I narrowed my eyes at him and picked up my water bottle. My teeth ripped open the lid and I chugged. “Dinner instead.”
“Dinner, then my place,” he countered.
His place would end badly. Or very spectacularly, depending on how you looked at it. I’d let him fuck me, which would be incredible. We’d get tangled up together again, and I’d wake up regretting the mess I’d gotten myself into. “Dinner’s all you’re getting.”
He frowned. “Damn, you’re stubborn.” He took a shot that slipped through the net with a perfect swish. “Drink up, buttercup. You’re gonna need it when I wipe the floor with you.”

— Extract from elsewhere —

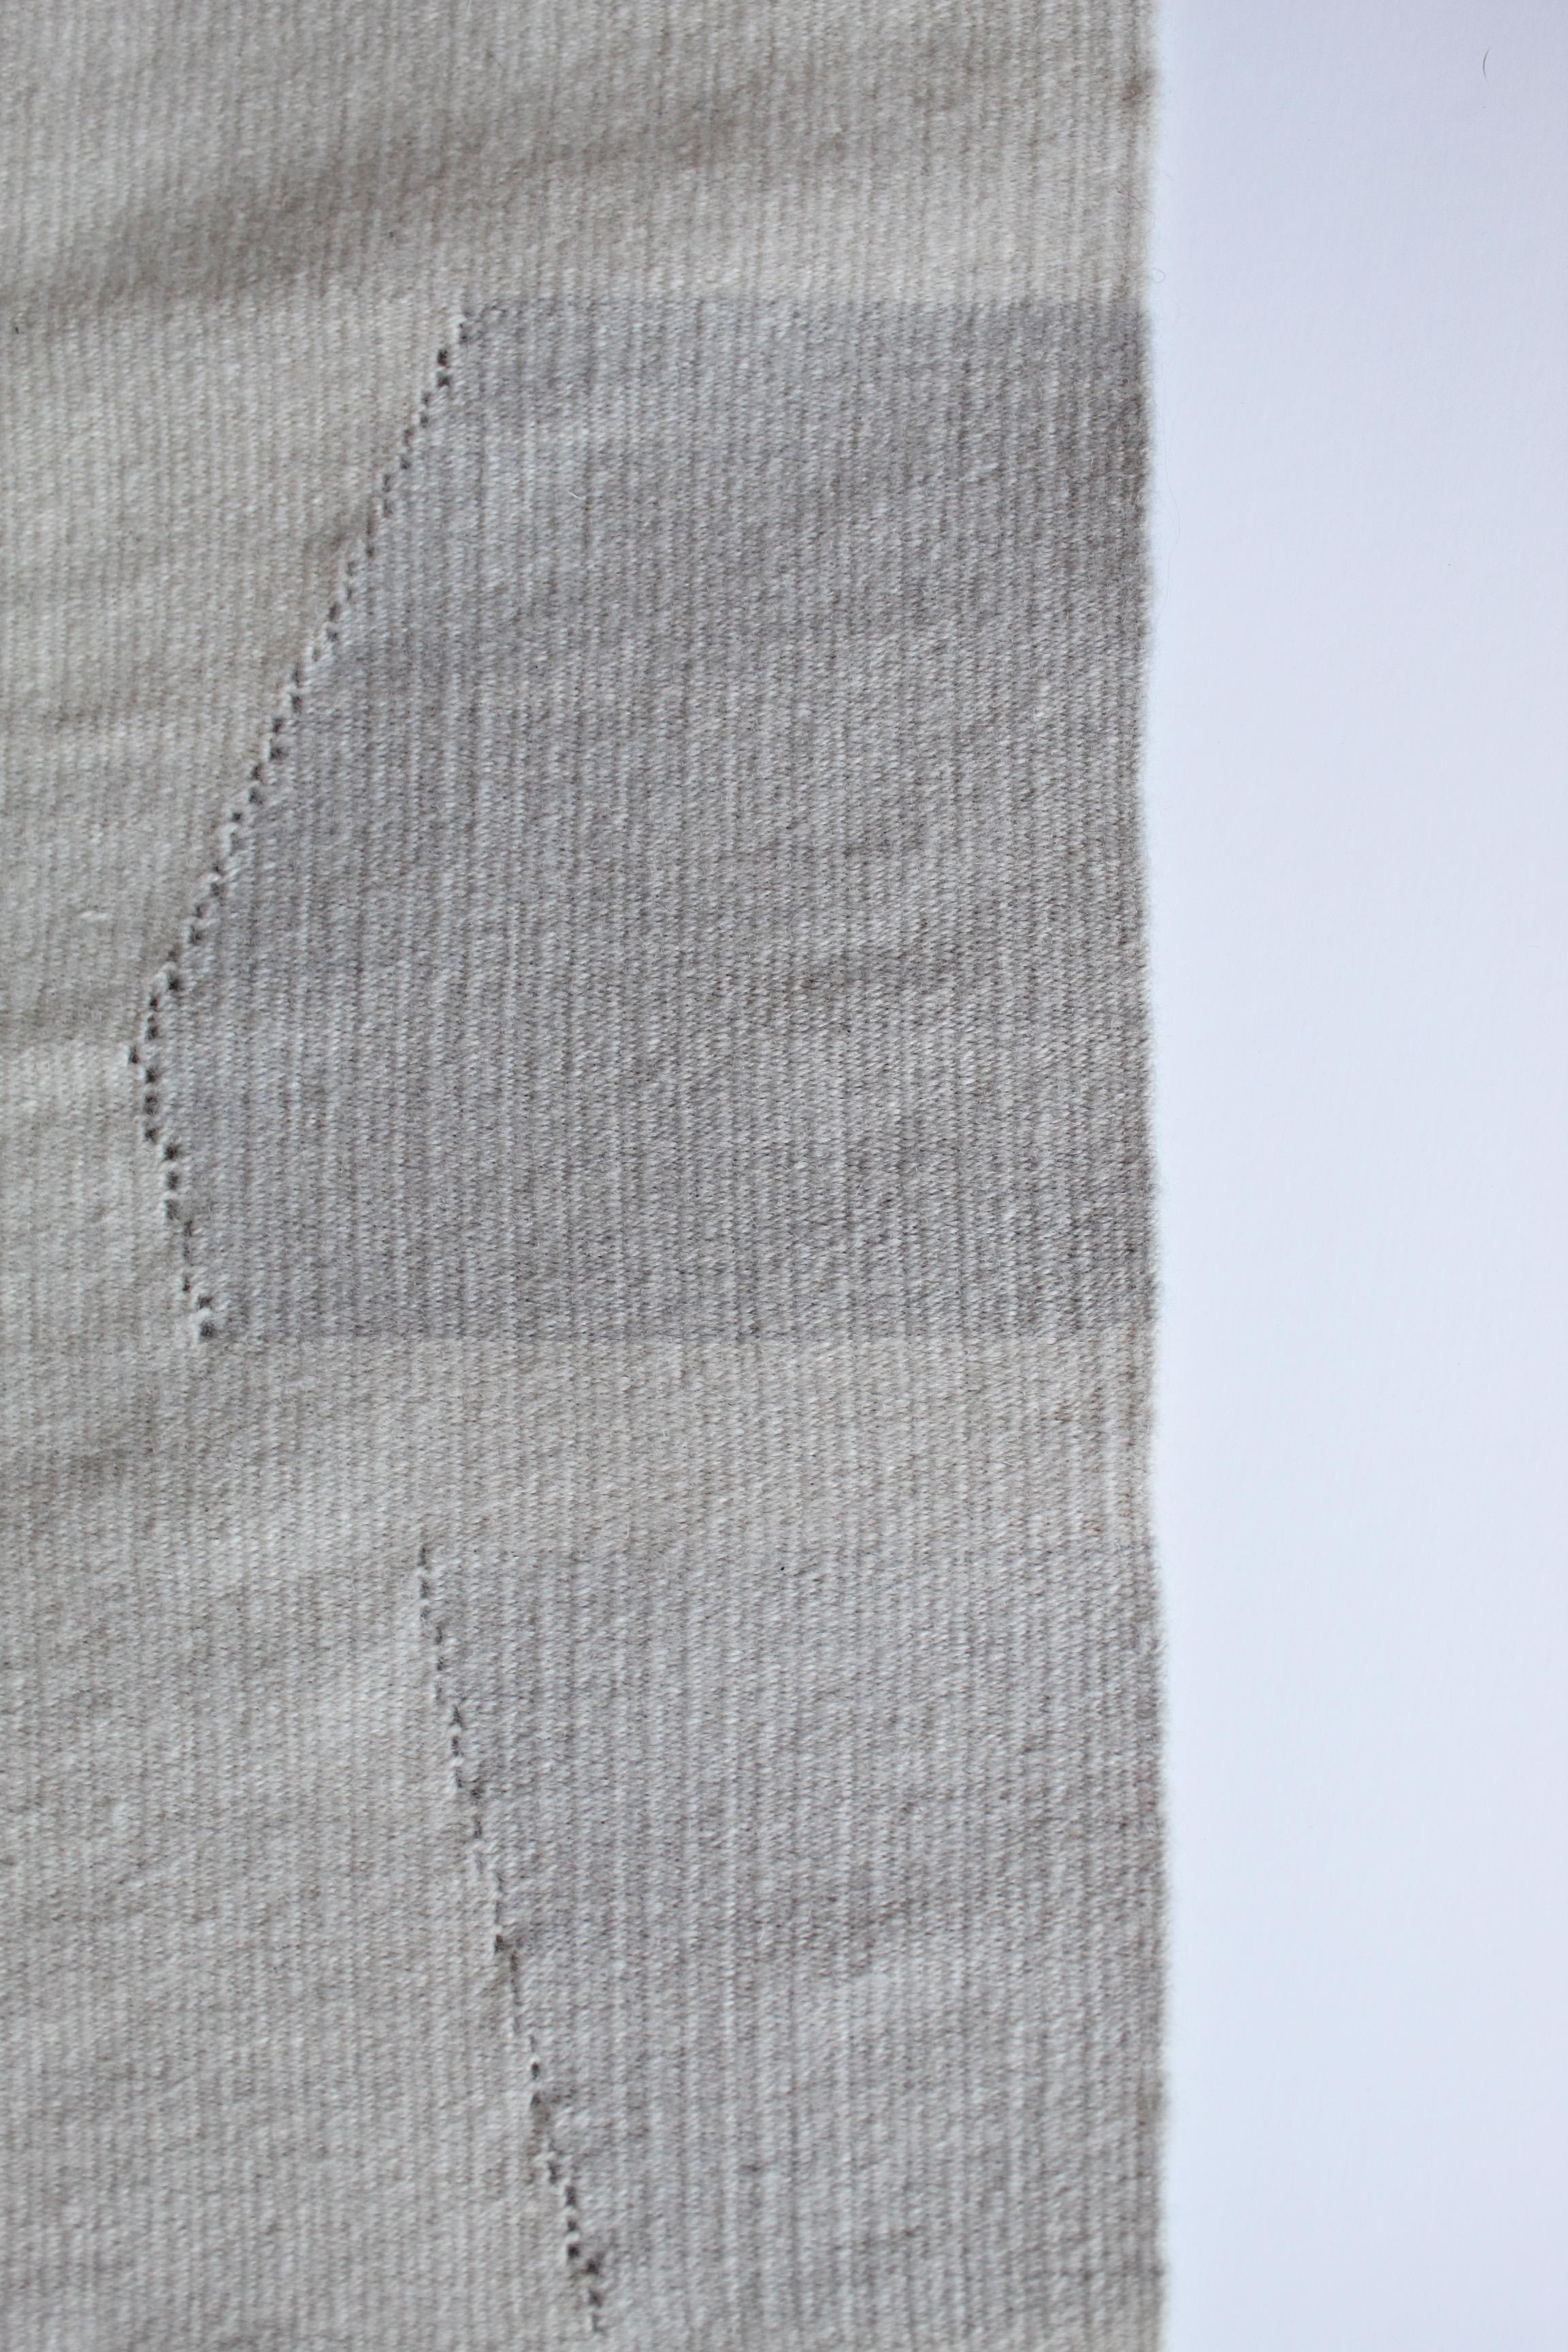 Zeitgenössischer handgewebter Wollteppich, grau getönter Kelim oder Wandteppich (Moderne)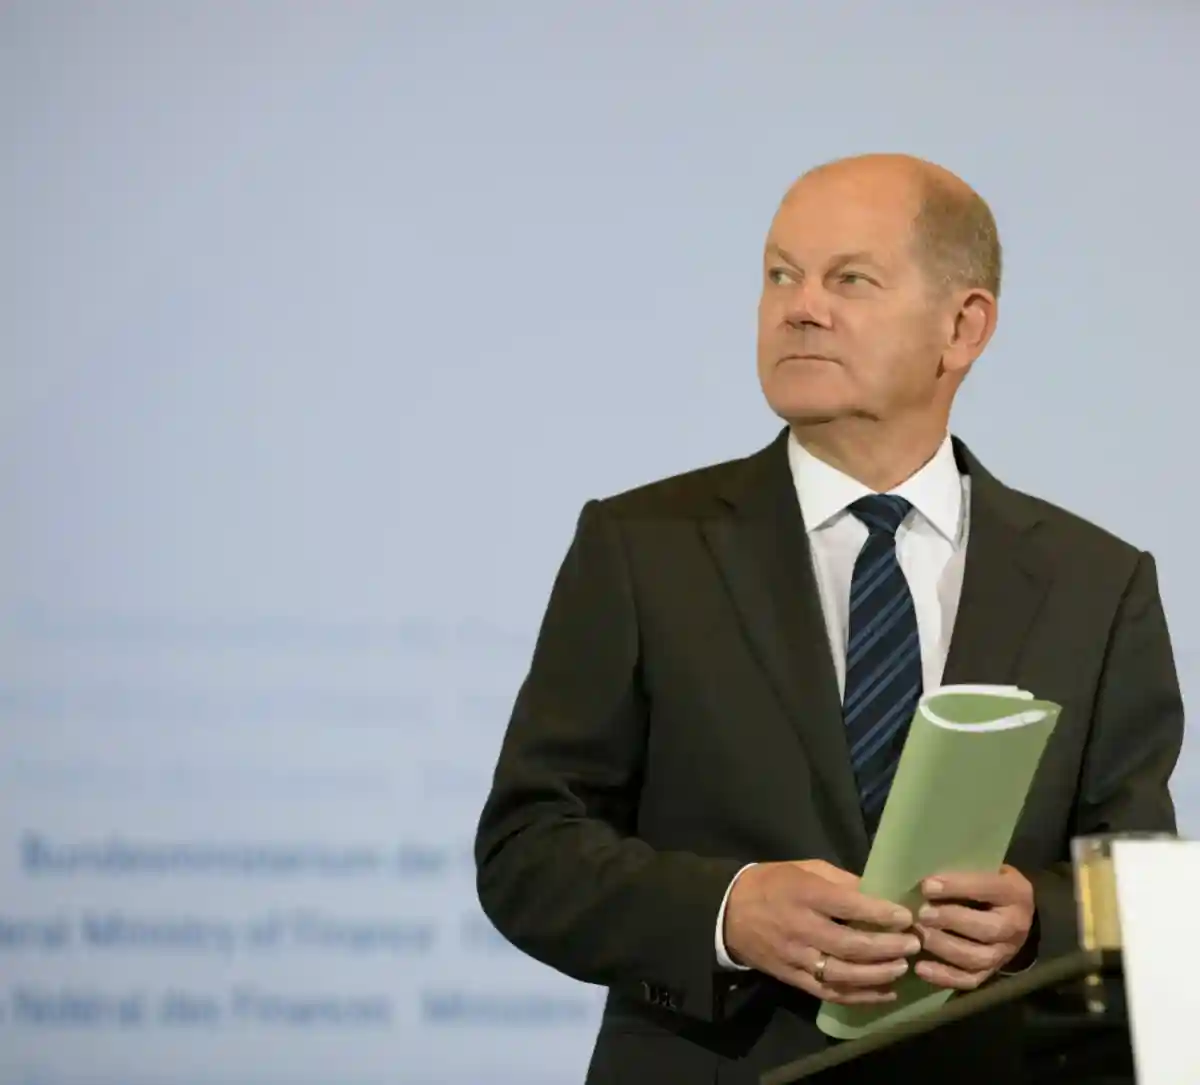 Шольц - новый канцлер Германии. Фото: photocosmos1 / shutterstock.com

I smoothed back my hair, which
was drenched with sweat. “I’m warning you, I’m about to embarrass you. You prepared to have your arse handed to you, Salvatore?”
An imperceptible quirk of his mouth, but those eyes danced. He liked it when I gave him hell. “Bring it on, MacGregor. Bring it on.”
Seventeen
Zed
Contrary to what the tabloids would tell you, I’d never dated a female athlete. Never looked at one covered in sweat, with a competitive glint in her eye, and fantasized about tossing her on my bed and fucking her good old missionary style. Just so she’d have to look into my eyes and remember who was top dog.
Until Nairne. She leaned her hands on her legs and laughed as she breathed heavily, winded from all our shooting. She’d just beat me, and that meant I’d lost the bet. That meant no dinner.
That wasn’t happening.
“One more,” I demanded.
Her arms folded. Emerald eyes glittered with menace or arousal, maybe a little bit of both. “No.”
“Why.” It wasn’t a question. It was a fucking command. Answer me. Explain why this exists between us, when you despise how I am, and I can’t stop wanting everything about you that makes me crazy.
“Because I’m going to win anyway. No point in getting your hopes up.” She sped by me, dribbling the basketball, and I got hard just watching her. Lean arms, that smirk on her rosy lips. Jesus, I was so fucked in the head over her.
“What do you want from me, Zed?” She turned and sunk a long two. “I’m trying to figure it out. I’m not one for being dictated to. I seem to drive you mad with my independent streak. Why exhaust yourself on someone like me?”
I wanted to tell her everything. How I couldn’t make sense of why I liked her so much when she made me want to rip my hair out half the time. Why her ocean air and flower scent made my dick stone, and why her clipped accent and sharp tongue heated my blood. Or why the temporary nature of us fit so well into the sad fact that my life could never involve forever. I settled for a dialed down but largely honest answer.